Dataset section:
-----

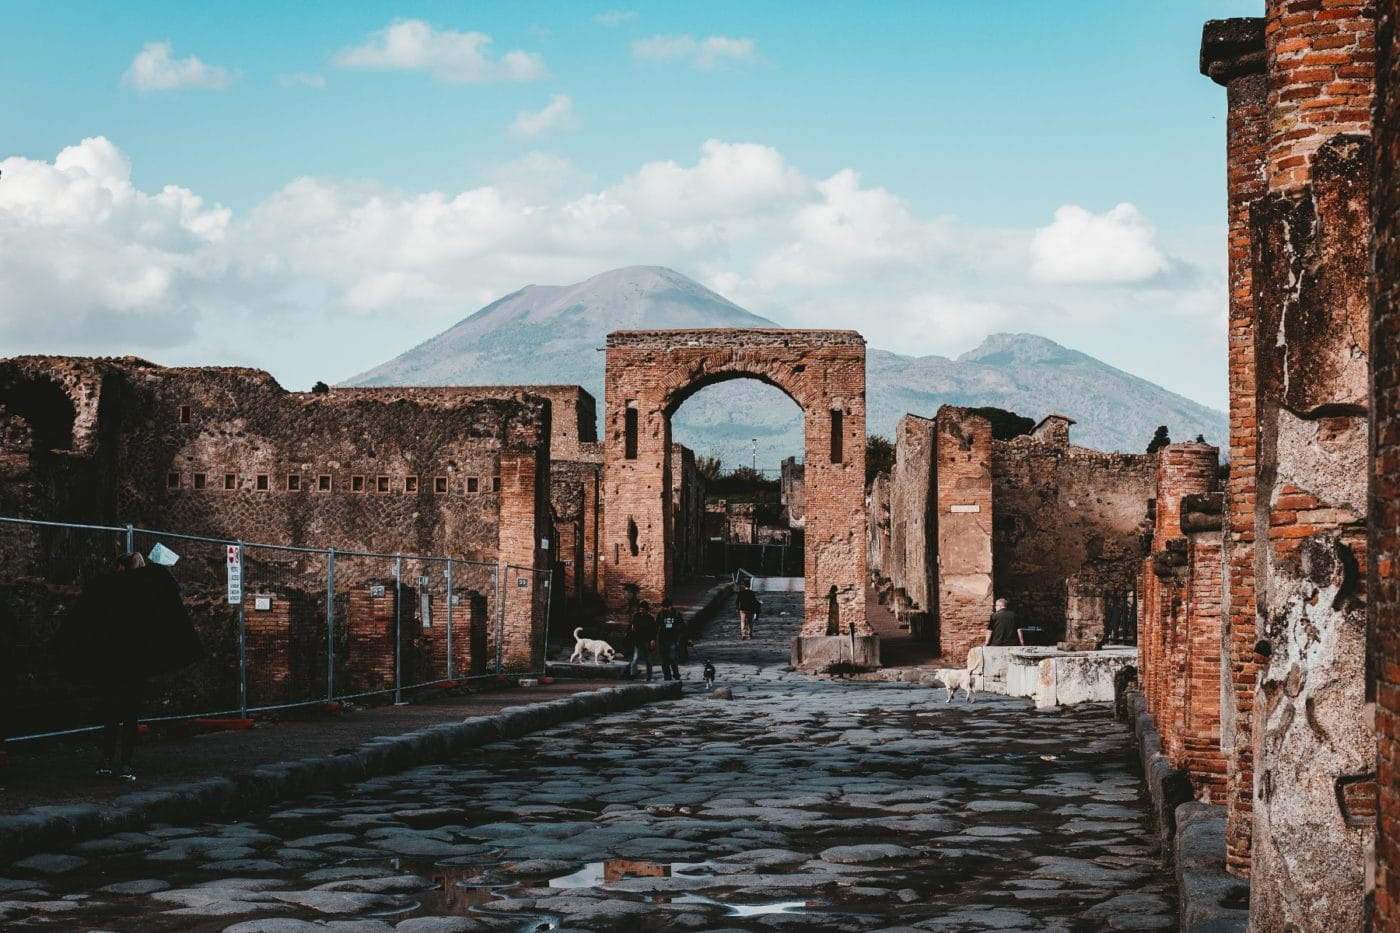 Postcard from Italy: Pompeii Archeological Park
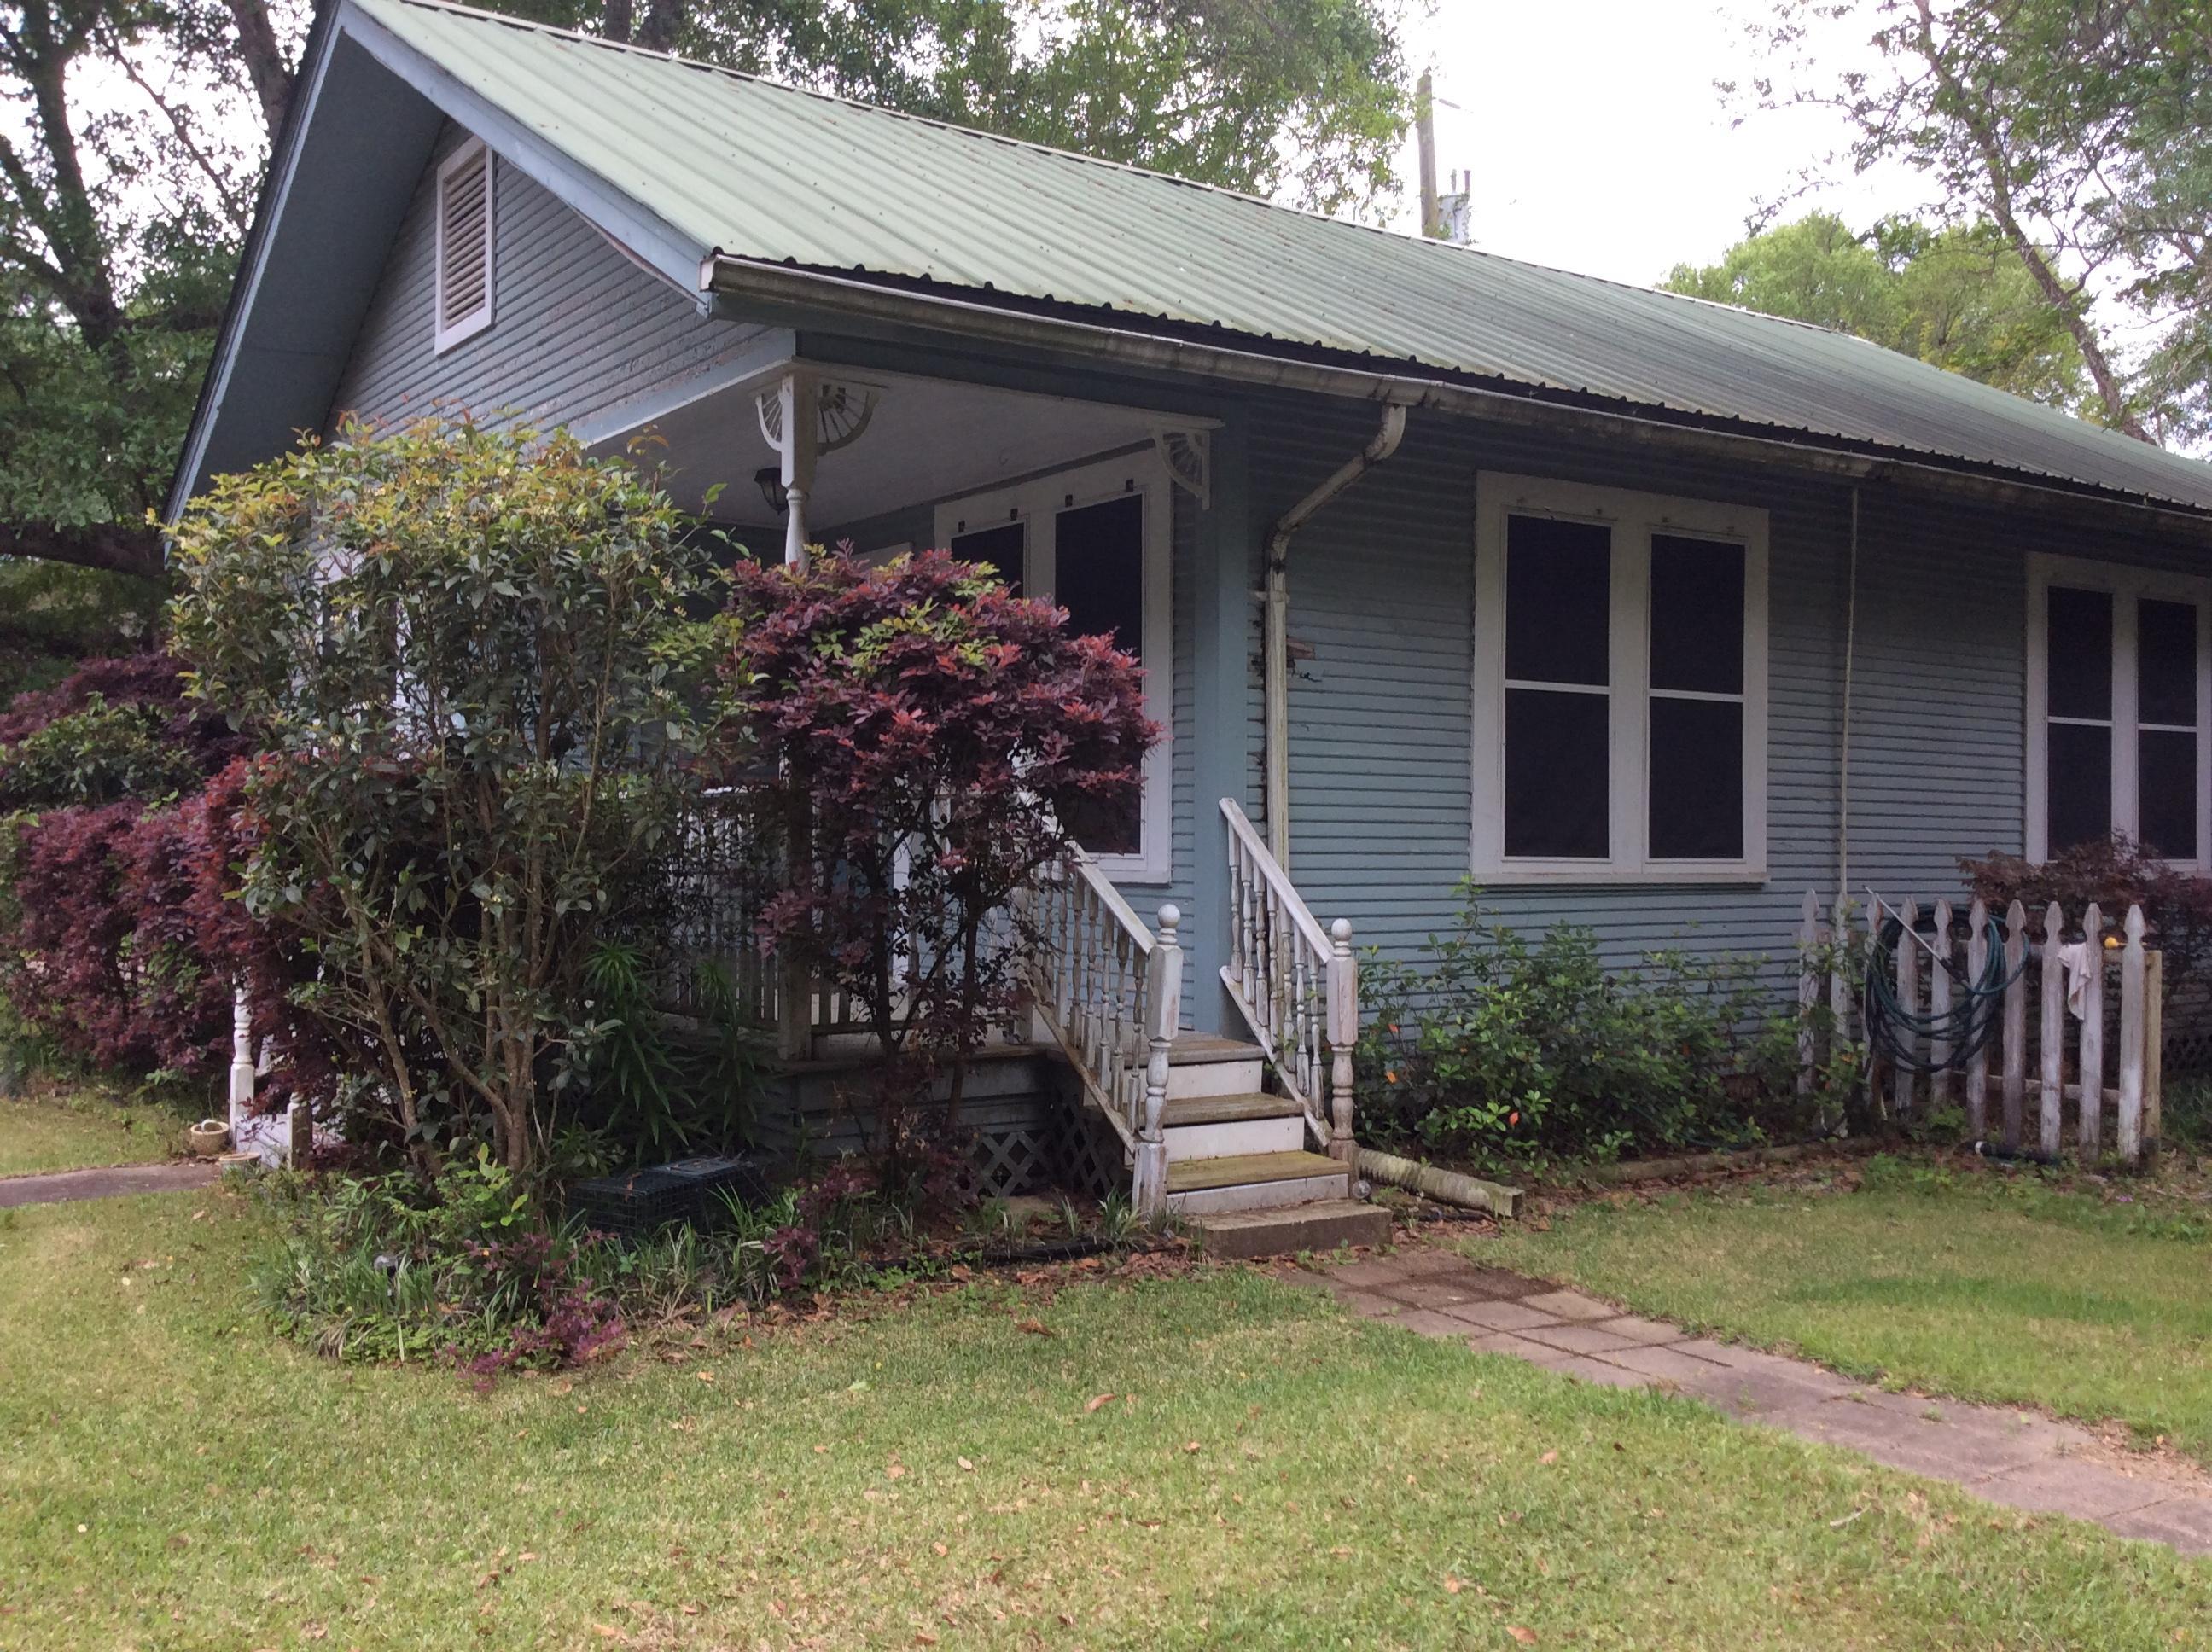 Merryville home for sale, 1032 Watson St, Merryville LA - $115,000
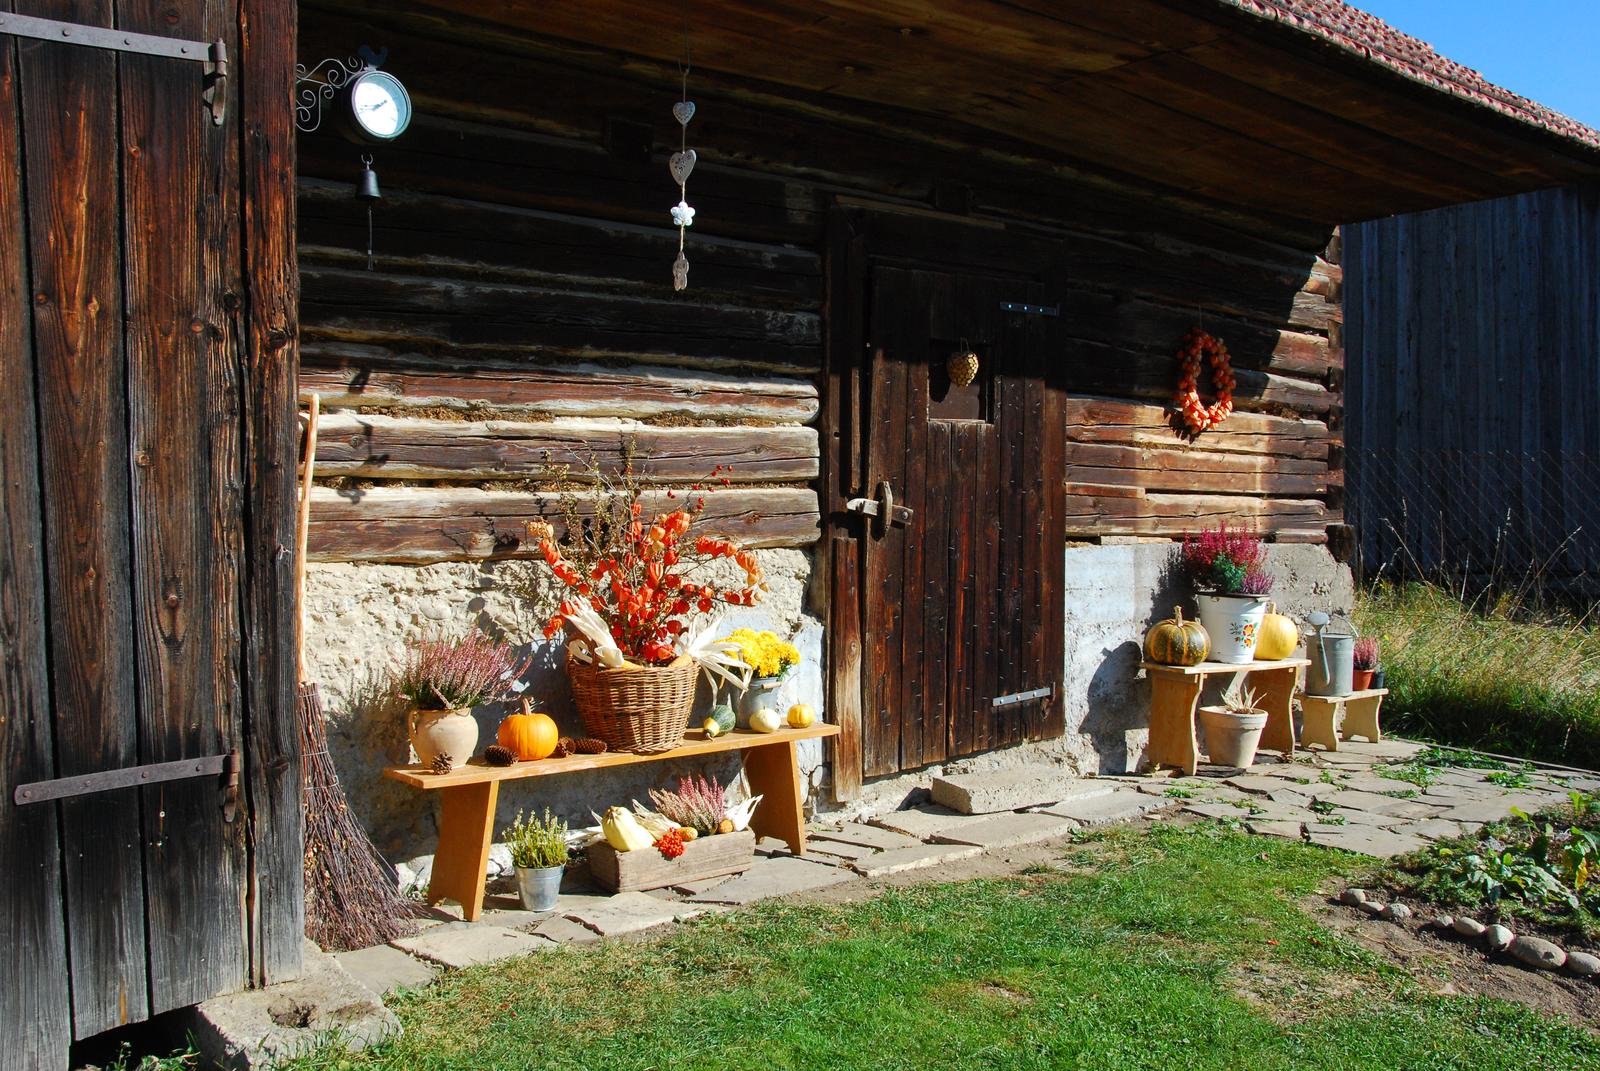 Jesen u nás doma - Obrázok č. 1

-----

Task description: Every line above should be output exactly, except for the pictures.

Answer for this exercise:
 Postcard from Italy: Pompeii Archeological Park
 Merryville home for sale, 1032 Watson St, Merryville LA - $115,000
 Jesen u nás doma - Obrázok č. 1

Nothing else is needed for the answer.